2022/12/31: ABUS FISCAL (344,§1er du CIR) – VENTE D’ACTIONS SUIVIE D’UNE FUSION SILENCIEUSE

Dans un récent jugement du 22 novembre 2022, le tribunal de première instance de Liège a appliqué la mesure générale anti-abus à une opération qui se décomposait en (i) une vente d’actions par des personnes physiques d’une société opérationnelle (A) à une autre société (B), suivie d’une fusion mère-fille (fusion silencieuse, par laquelle B a absorbé A). Avec à la clef la condamnation des actionnaires personnes physiques à payer l’IPP à hauteur d’un dividende reçu (au taux de 30%).

En l’espèce, deux personnes physiques avaient vendu en 2015, pour un prix de 710.000 EUR, leurs actions dans une société active dans le secteur automobile (A) à une société (B), qui était quasiment dépourvue de substance. Ils avaient alors réalisé une plus-value exonérée. Les personnes physiques avaient par ailleurs un compte-courant débiteur de plus de 600.000 EUR à l’égard de A. En 2017, B absorba A (fusion mère-fille). A l’occasion de la fusion, une compensation s’est opérée entre la créance de prix des vendeurs et leur compte-courant débiteur. Selon le tribunal, c’est à ce moment que les actionnaires sont réputés avoir reçu un dividende imposable.
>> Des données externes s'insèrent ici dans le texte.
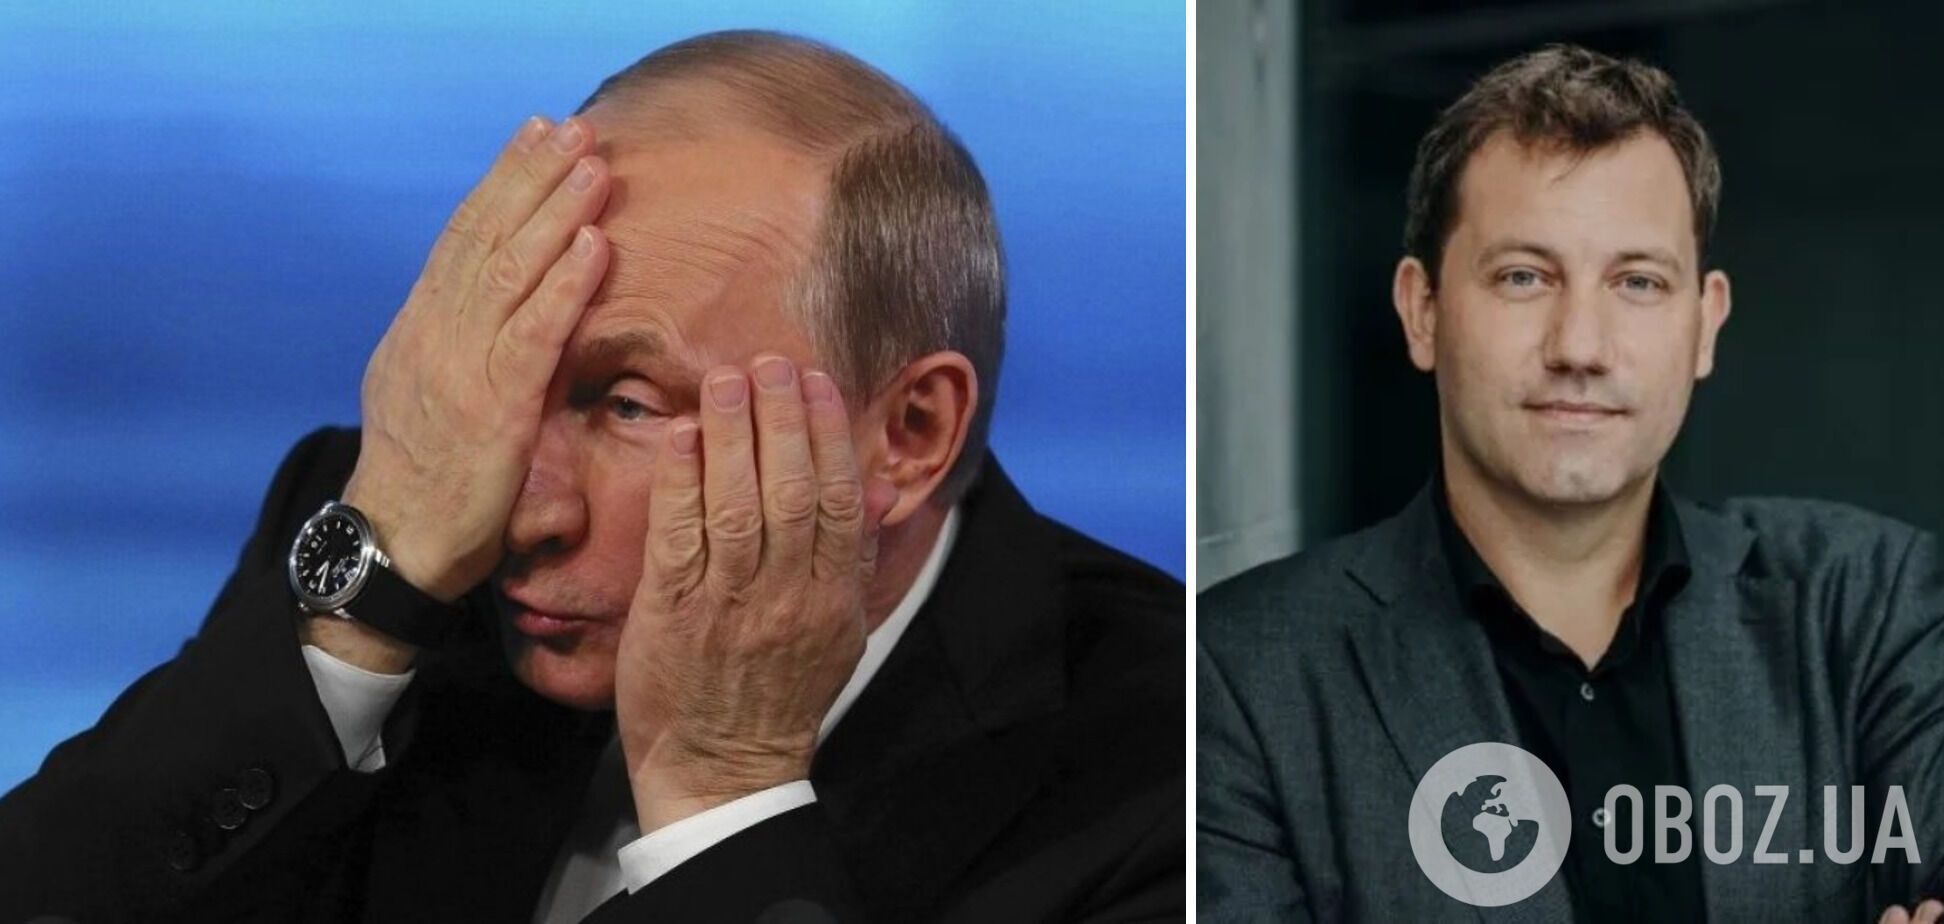 Ларс Клингбейл считает конец Путина неизбежным

Pour bien comprendre le raisonnement du magistrat, il est utile de rappeler qu’en cas de fusion mère-fille, aucune action de la société absorbante (ici: B) ne peut être attribuée en échange d’actions de la société absorbée (ici: A) détenues par la société absorbante (article 12:34, § 2, 1°, CSA). Aussi, les éléments de fonds propres de la société absorbée disparaissent-ils à hauteur du pourcentage de participation de la société absorbante dans la société absorbée. En l’espèce, les réserves de la société absorbée A n’ont donc pas été reprises dans les comptes de la société absorbante B; elles ont été « effacées », pour reprendre l’expression du tribunal. Pour le tribunal, sans cet ensemble d’opérations, les personnes physiques auraient dû percevoir des dividendes (taxés à 30 %) pour arriver au même résultat de remboursement de leur dette.

Quel est l’enseignement de cette décision, qui s’inscrit dans le droit fil de la jurisprudence récente (cfr not. arrêt du 6 septembre 2022 de la CA d’Anvers – voir mon commentaire ci-dessous) ? Simple: la plus grande prudence est de mise lors de la mise en place de montages ayant pour effet de « convertir » / « transformer » des dividendes (imposables) en plus-values sur actions (exonérées). Force est de constater que les magistrats semblent de plus en plus enclins à suivre le fisc, en particulier lorsque les motivations autres que fiscales ne sautent pas aux yeux!